Alfred Kosing hat das 1985 erstmals erschienene Wörterbuch überarbeitet, ergänzt und aktualisiert. Er will damit einen »Beitrag zur notwendigen Erneuerung der marxistischen Theorie leisten« und Interessierten Hilfe beim Studium der marxistischen Theorie und Philosophie bieten. Und nicht zuletzt möchte Alfred Kosing  »ein deutliches Zeichen gegenüber solchen ehemaligen ›Marxisten‹ setzen, die sich ohne eine gründliche kritische und selbstkritische Auseinandersetzung  umstandslos von ihren früheren Überzeugungen trennten, sofern sie solche überhaupt hatten«.

Alfred Kosing

 

Alfred Kosing studierte an der Martin-Luther-Universität Halle-Wittenberg und an der Humboldt-Universität zu Berlin Geschichte und Philosophie, promovierte und habilitierte, war Dozent und Lehrbeauftragter und wurde in den 1960er Jahren, in der Nachfolge Ernst Blochs, Direktor des Philosophischen Instituts der Leipziger Karl-Marx-Universität.

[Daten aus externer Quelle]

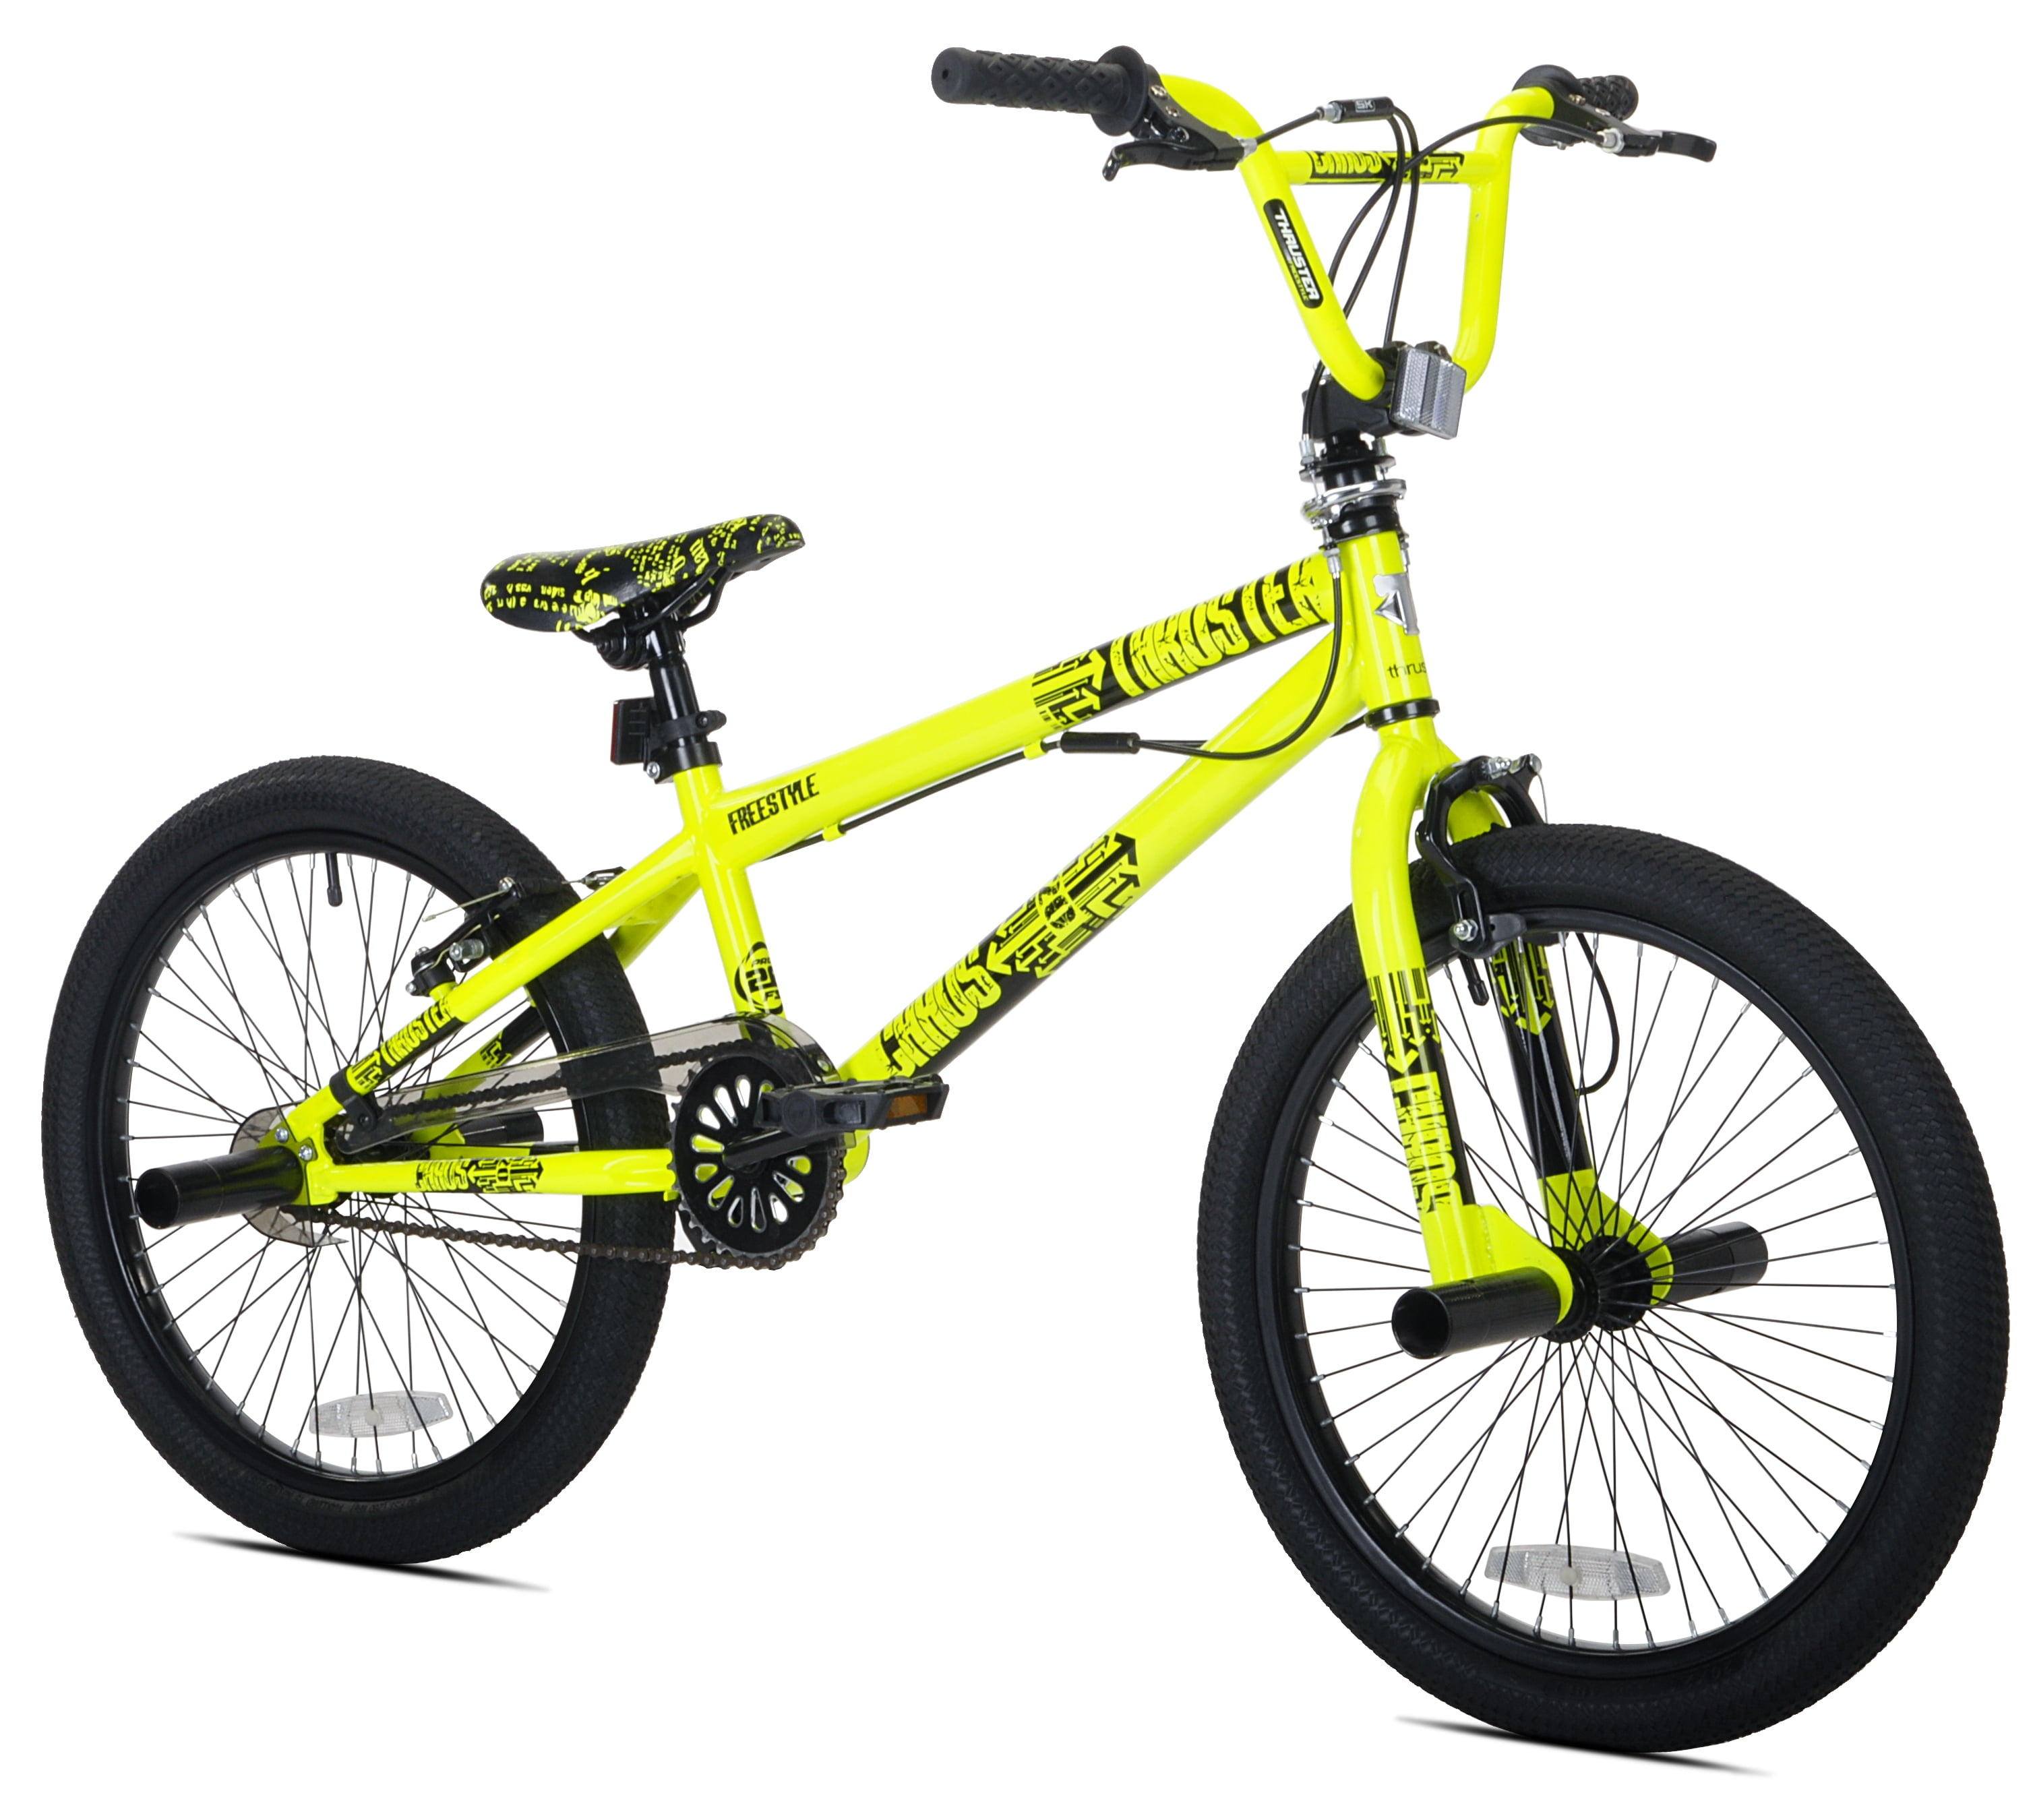 20 Inch Bike Boys Adjustable Seat Ambush Tires Pedals Racing BMX Bicycle Blue 
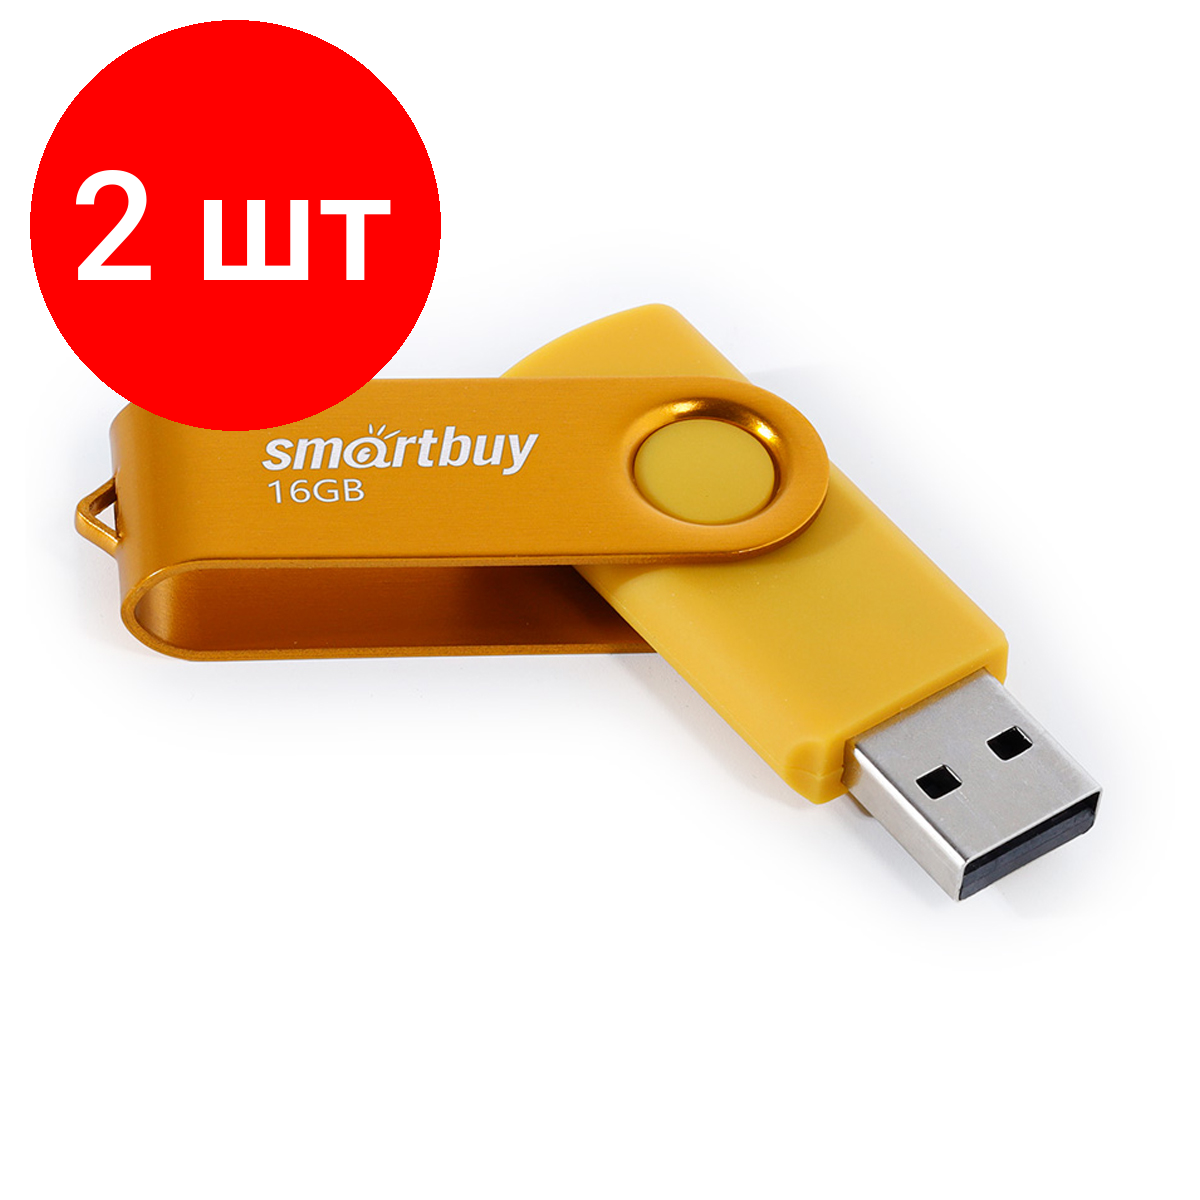 Комплект 2 шт, Память Smart Buy "Twist" 16GB, USB 2.0 Flash Drive, желтый
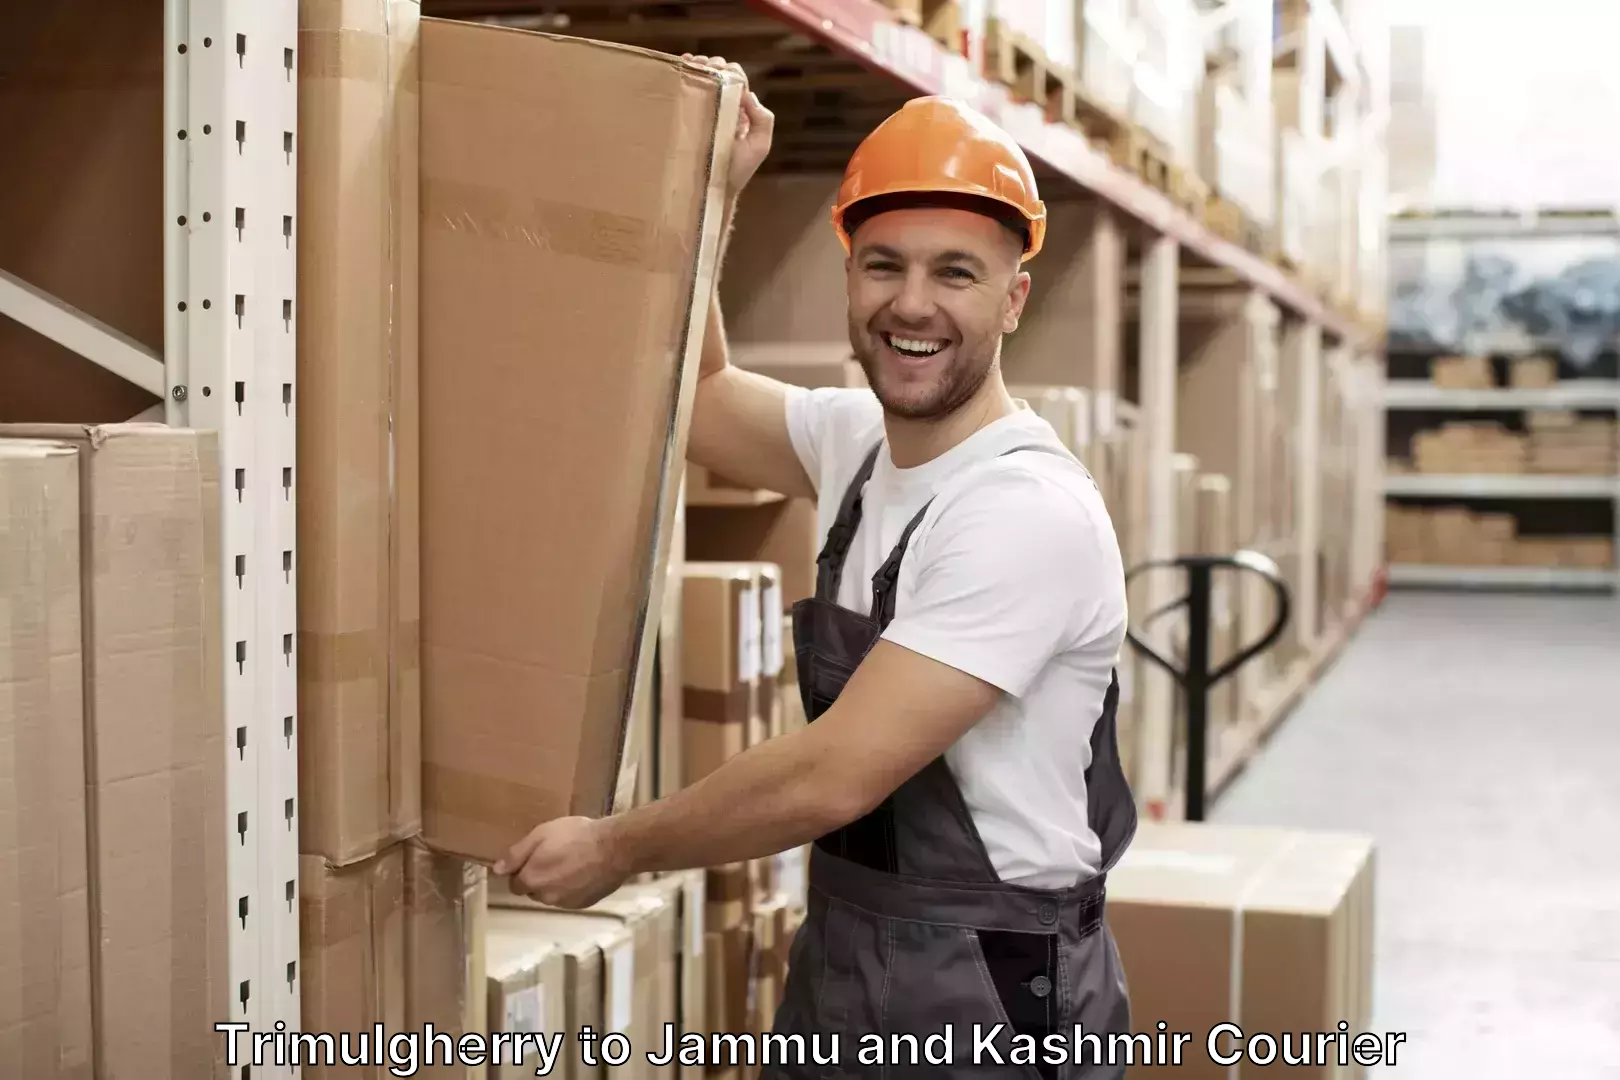 Luggage shipment tracking Trimulgherry to Srinagar Kashmir

Alfred Kosing gehörte der Akademie der Wissenschaften an, war geachteter Vizepräsident  der Vereinigung nationaler philosophischer Gesellschaften (FISP) mit Sitz in der Schweiz, Mitglied der Weltakademie der Philosophen in Paris (IIP) und – Nationalpreisträger der DDR. Ende der 1960 Jahre wechselte er an die Akademie für Gesellschaftswissenschaften, wo er bis 1990 als Professor für Dialektischen und Historischen Materialismus tätig war. Seit 1990 ist er im Ruhestand, lebt in der Türkei und ist publizistisch tätig.